Unicodedecorror: 'utf-8'

Question

Unicodedecorror: 'utf-8'

Asked 9 years, 2 months ago

Viewed 2,514 times

5

I’m having problems with Unicodedecodeerror: 'utf-8' in a python file and I’m not being able to solve it. That is the mistake:

Traceback (most recent call last):
  File "file.py", line 448, in <module>
    fileOriginal.sliceFile(url) #Separa os arquivos para evitar MemoryError
  File "file.py", line 188, in sliceFile
    line = fileOriginal.readline()

  File "C:\Python34\lib\codecs.py", line 313, in decode
    (result, consumed) = self._buffer_decode(data, self.errors, final)
UnicodeDecodeError: 'utf-8' codec can't decode byte 0xd0 in position 0: invalid
continuation byte

It occurs at the time of reading a txt file. The file is encoded with UTF-8 without BOM. And I don’t understand why it gives this error. The error occurs in the following line: "line = fileOriginal.readline()", according to the following code:

Code:

for(path, dirs, files) in os.walk(url): 
        contDec = 0 #Conta as declarações  
        contTempFiles = 0 #Conta os arquivo temporários                                            

        for file in files:                                                
            fileOriginal = open(os.path.join(url,file),encoding = "utf8")                                             
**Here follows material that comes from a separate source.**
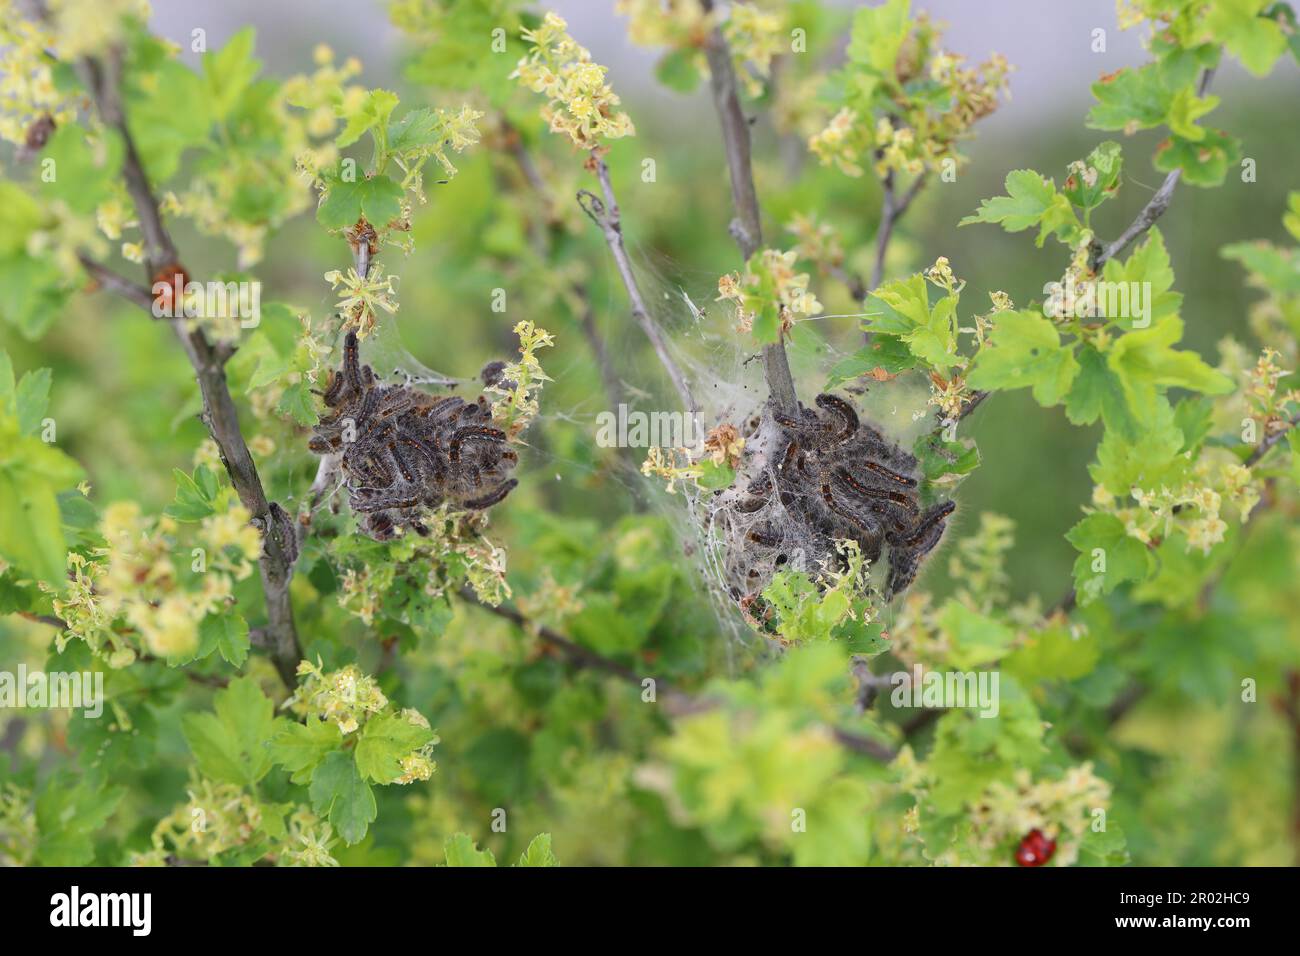 Braunschwanzraupen (Euproctis chrysorrhoea) aus dem Winternest. Wichtige Schädlinge vieler Bäume und Sträucher, einschließlich Obstbäumen. Stockfoto

            endFile   = False
            contLines = 0
            contDec = 0
            cont    = 0
            line = ''
            while not 'ZZZZZ|' in line:                                     
                if cont == 0:
                    contTempFiles += 1                        

                    tempFile = open(os.path.join('separados',str(contTempFiles)+'_'+str(self.getFileName(file))+'.txt'),'w', encoding='utf-8')                                                
                line = fileOriginal.readline()#Erro nessa linha                                                
                if line[0:5] == '99999':
                    tempFile.write(line)
                    contDec += 1                                                                        
                if contDec <= 200000:                                                
                    tempFile.write(line)                        
                    cont += 1
                else:
                    contDec = 0
                    cont = 0
                    tempFile.close()                             
            fileOriginal.close()

Version of Python: 3.4.0 Can someone help me with this? Thank you!

Cocola the error in the question, will facilitate help.

– Ricardo

2016/05/23 at 21:11
I added the error Ricardo

– fredsilva

2016/05/24 at 11:30
I made this mistake at the time of generating logs on the system, in my case the linux variables were not set, but it was in writing, one thing that may be happening is that you are reading the files that have accents, try to read a file only with a simple text and one with accents. Then put the result.

– Ricardo

2016/05/24 at 11:32

2 answers

1

Instead of the code line:

open(os.path.join(url,file), encoding = "utf8")

Try putting the following:

path = os.path.join(url,file).decode("utf8")
open(path, encoding = "utf-8")

Do not forget to also put at the beginning of the code:

# -*- coding: utf-8 -*-

Oi Rui, what’s the difference?

– Anthony Accioly

2016/05/24 at 10:27
1

@Anthonyaccioly the only difference is the bet: utf8 to utf-8

– Rui Lima

2016/05/24 at 10:31
I also wondered what the difference would be, because this code was working normally.

– fredsilva

2016/05/24 at 11:22
@Ruilima, I did what you suggested, but the error persists.

– fredsilva

2016/05/24 at 11:31
@fredsilva I edited my answer, it may be that the path to the file has special characters. Try now.

– Rui Lima

2016/05/24 at 11:50

Browser other questions tagged python python-3.x

You are not signed in. Login or sign up in order to post.

by fredsilva • **358** points · Answer 1 · 2016-05-24T13:13:19+00:00

I managed to fix it. Grabbing the hook from @Rui Lima’s reply. Replace the line:

fileOriginal = open(os.path.join(url,file), encoding = "utf8")

for:

fileOriginal = open(url+file,encoding = "utf-8")

I don’t know why Join would make the mistake. Thank you all for your help! Forte Abraço!